Your next health risk in your organisation: death by PowerPoint
“Does your organization have an overly complex presentation culture? If you’re not sure, ask yourself the following questions: How often are meetings dominated by long presentations with dozens of slides? How much time do people spend preparing, revising, and emailing different versions of slide decks? To what extent are managers assessed by the depth and scope of information that they present in their slides rather than the results they produce?”
RON ASHKENAS, blogs.hbr.org (6 July 2010)
If you work for a large modern organization, there is a new ailment you need to add to the possible maladies that may befall you at work: death by PowerPoint.
You know it’s true. How many huge slide decks, littered with interminable tables and graphs and endless bullet points, were you forced to endure last week? How engaged were you? And how much do you remember of what you saw and heard?
Once upon a time, PowerPoint was a breakthrough communication tool, a way to bring life to meetings and convey information in snazzy new ways. Early adopters revelled in the fact that you could summarize long arguments into a set of bullet points, add graphics and deploy visual imagery to liven up your presentation, and display pie charts and the like at the touch of a button. For a while, PowerPoint and other slide-presentation tools were actually fun, and they worked.
It didn’t last, did it? Now, every Tom, Dick and Hatari in the organization has become a PowerPoint jock who thinks he must turn every damn thing into a slide presentation. People no longer discuss anything – they stare at screens as an unending procession of facts and figures assault them. People no longer develop a compelling argument – they just reduce it to a set of inane bullet points.
Ron Ashkenas suggested some simple rules in his recent HBR blog post. First, understand that a presentation is a way of provoking thought and presenting a point of view – not a place to dump data. Presentations are not reports – they should be bright and lively and put something across forcefully – not numb the victim into submission.

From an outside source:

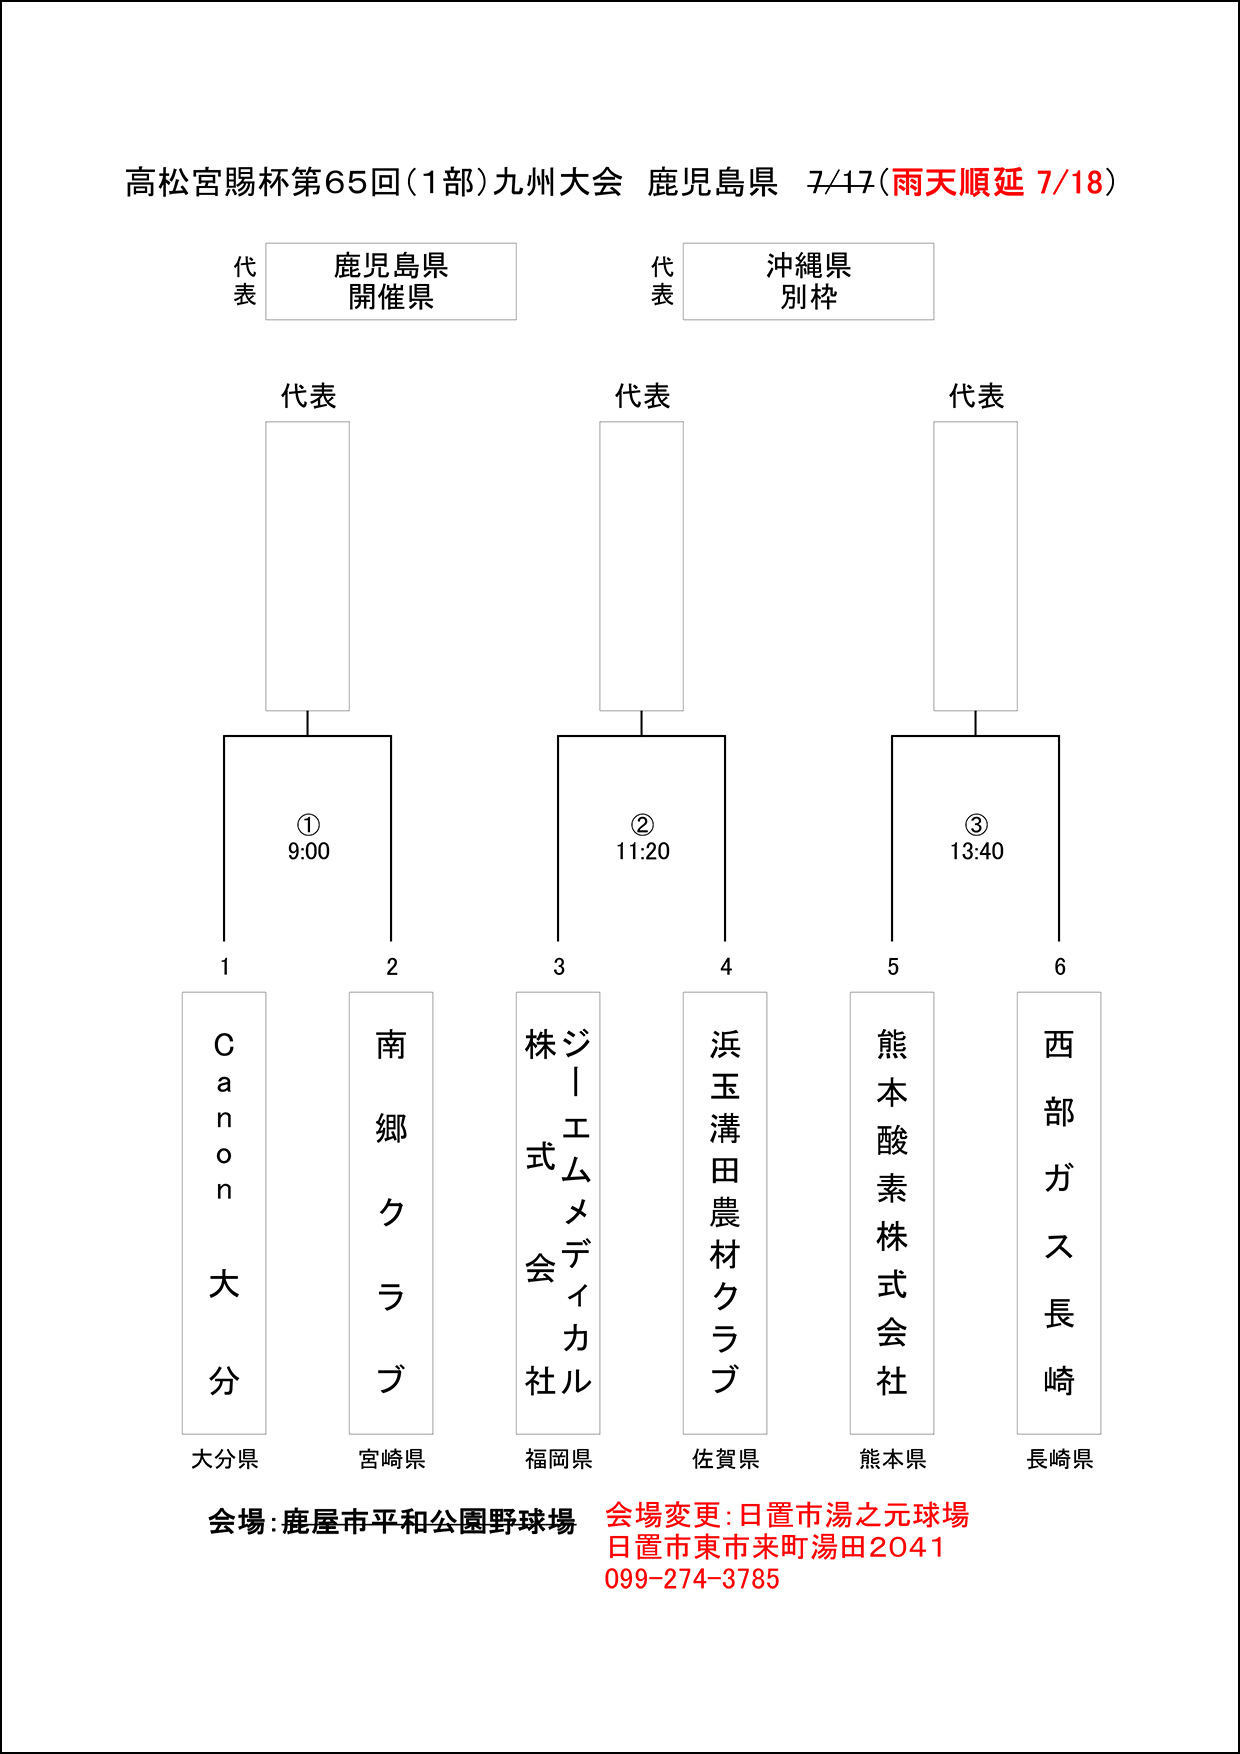 【雨天順延】高松宮賜杯九州大会(1部)組合せ表(最終)

Second, clarify the purpose of each and every presentation before you begin it. Why are you all gathered together? What do you want to achieve in the meeting? A slide deck is merely a convenient means to an end – it isn’t a product in itself. It should lead to a decision or solve a problem. Those things matter to organizations – not arrays of slides.
Lastly, enforce a presentation protocol. If you want to rescue yourself and your people from a slow death, attach rules to presentations. Put a number limit on slides, or a time limit on presentations. I have done this myself at many seminars: I only allow presenters a maximum of ten slides each, and even enforce a minimum font size. In terms of allocating time, I propose a minimum 2-to-1 ratio for business meetings: twice as much time to discuss as to present.
What slide-happy executives are not realizing is this: in modern communication, less is definitely more. In this over-communicated age where people are bombarded with information from all directions and at all hours, you don’t stand a chance of being heard or remembered if all you are doing is adding to the burden. People’s attention is a rare commodity these days. When you have it, you have to make the most of it. That means making just one or two memorable points. It means crafting minimalist slides that make the point uniquely. It means using just the minimum amount of data to support your case. Then, move to discussion, decision and solution. Those are the things that matter in business, not squandering your life looking at unstructured, ill-thought-out compendiums of unnecessary information.